Разумеется, про смертоносный иероглиф Кимитакэ никому рассказывать не стал. Даже полиции - тем более, что его толком и не спрашивали. Создавалось впечатление, что все только рады наконец отделаться от бывшего
Писать об этом в дневник он тоже не стал, ограничился краткой пометкой. Не хотелось помещать на бумагу никаких подробностей. К тому же - мало ли, кто прочитает.
В этом беда всех подлинных личных дневников. В минуты душевных бурь тебе точно не до записей. А в обычные дни - не происходит ничего необычного.
А ведь именно этот случай подтолкнул Кимитакэ к изучению магической каллиграфии - искусства настолько редкого, что одни исследователи считали его утраченным, а другие - и вовсе несуществующим.
В тот вечер ценой своей жизни старый Садатаро показал - каллиграфическая магия жива и работает. А значит, её можно изучить.
(Пусть даже учитель Курода не выдержал бы и одной чашки чая в обществе старого греховодника Садатаро)
Дальнейшее было делом усердия и смекалки…
***
Сбить Кимитакэ с выбранного пути не смогли ни пропажа учителя, ни даже смерть сестры полугодом позже.
И она сама не помнила, где и чего она не так выпила.
Он был возле её постели, когда состояние уже было полностью безнадёжно, ощущал кожей полыхание удушливого жара и судороги лихорадки, проклинал себя - но понимал, что сейчас, в переполненной государственной больнице, он не может сделать ничего. Он не знал никакого чудодейственного спасительное средство. Конечно, он мог принести чернил и написать ей на суставах чудесные знаки, которые облегчили бы её страдания. Но он знал, что медсёстры всё равно их сотрут, а объяснить им, почему важно их сохранить, он не сможет.
Как же страшно умирать в государственной больнице, где ты - всего лишь временный постоялец, а смерть заберёт тебя неизвестно когда! И где ты никому не можешь ничего объяснить.
Потому что у них есть инструкции, а ты просто проведать или умереть заглянул.
…Конечно, если не просто писать, а татуировать нужные знаки, то стереть их будет непросто - но делать это слишком долго, да и не владел он искусством татуировки.

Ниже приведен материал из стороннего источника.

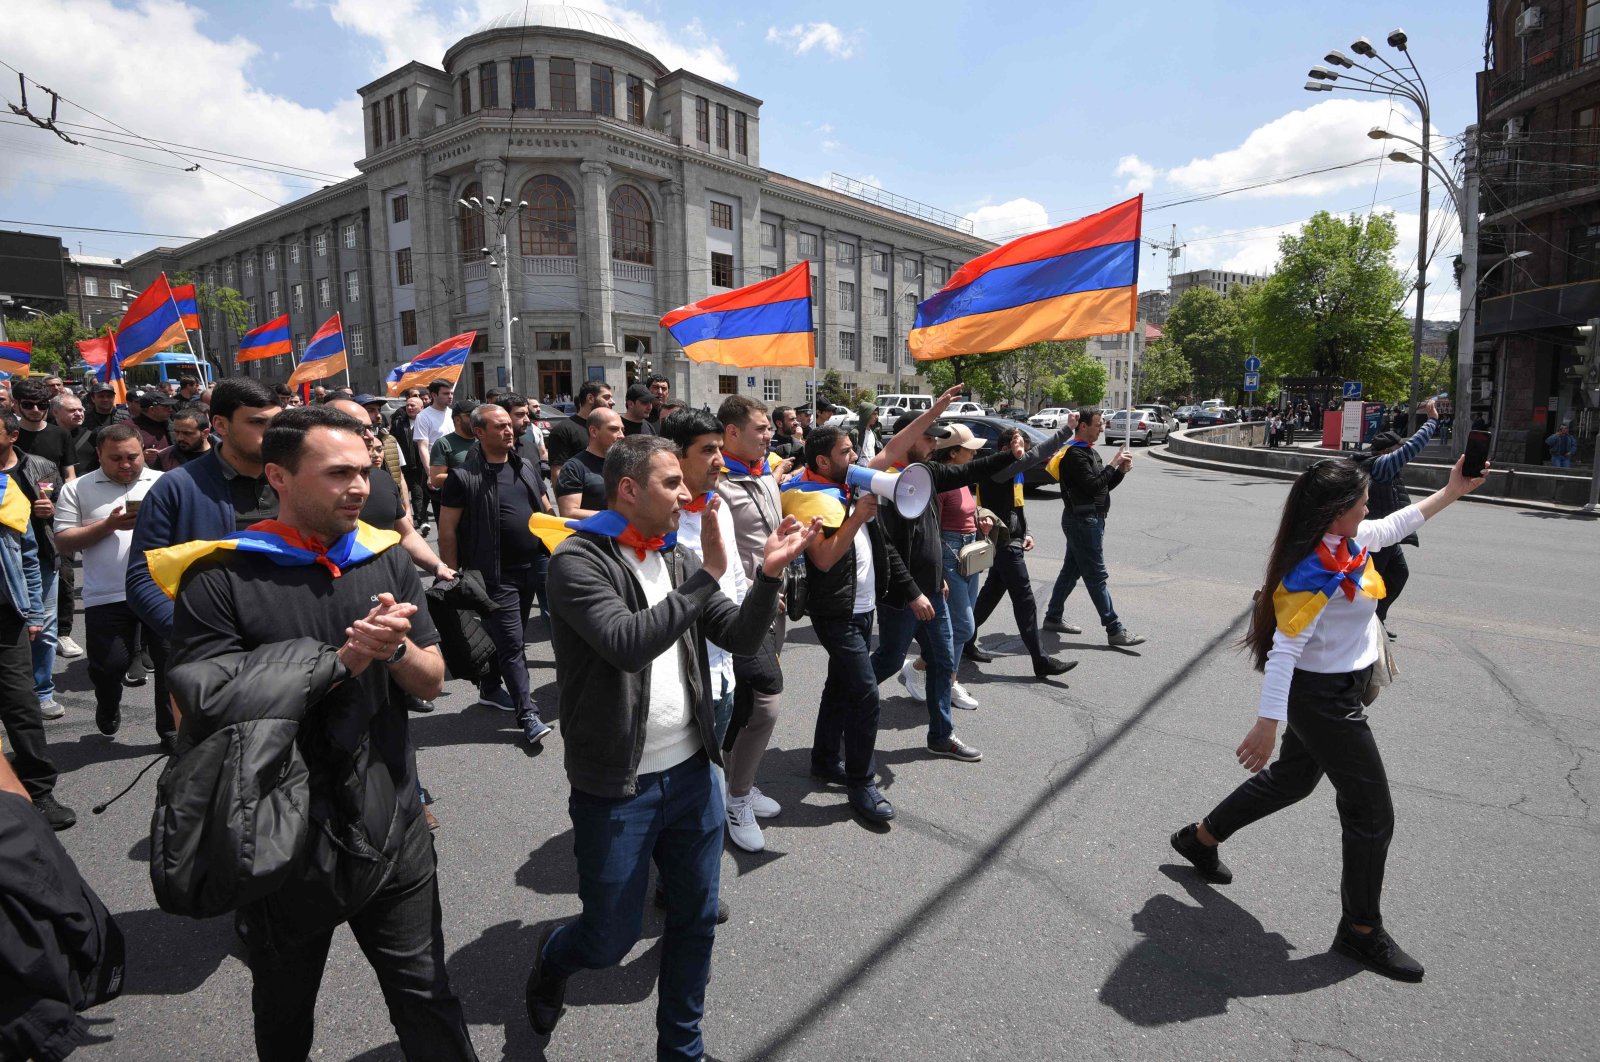 Demonstrators shout slogans and hold Armenian flags as they take part in an opposition rally to protest against the Karabakh concession in Yerevan on May 4, 2022. (AFP)

Душа болела, а желудок рвался при виде того, в каком состоянии оказалась. Если бы для её спасения было достаточно отрубить себе руку, как сделал это дровосек, который хотел стать учеником Бодхидхармы - Кимитакэ согласился бы на это в тот же момент и ни на миг не усомнился в своём выборе, как не сомневаются в нём герои войны, когда погибают на смертельно опасном задании.
Но отрубание руки никак не могло помочь сестра. Не было вообще никакого способа ей помочь. И от этого положение сестры было особенно мучительным.
Она была вторым, после деда, по-настоящему близким членом семьи. Остальные словно играли роли, по примеру бабушкиных служанок.
И она умерла, стоило ему сомкнуть глаза, - как ему показалось, он всего лишь моргнул, а когда открыл глаза, лицо в алых пятнах уже ничего не могло выражать.
Странно, но потом он не смог вспомнить ничего из разговоров с ней - только в дневнике остались какие-то реплики, в основном пересказанные.
Сестра не давала советов, её талантом было поддерживать. Она обладала редкой способностью подстраиваться под собеседника в разговоре. Никогда не спорила, а вместо этого словно развивала услышанное. Так, что кто бы с ней не говорил, просто понимал, что он не один в этом мире с такими мыслями - и от этого ему становилось теплей.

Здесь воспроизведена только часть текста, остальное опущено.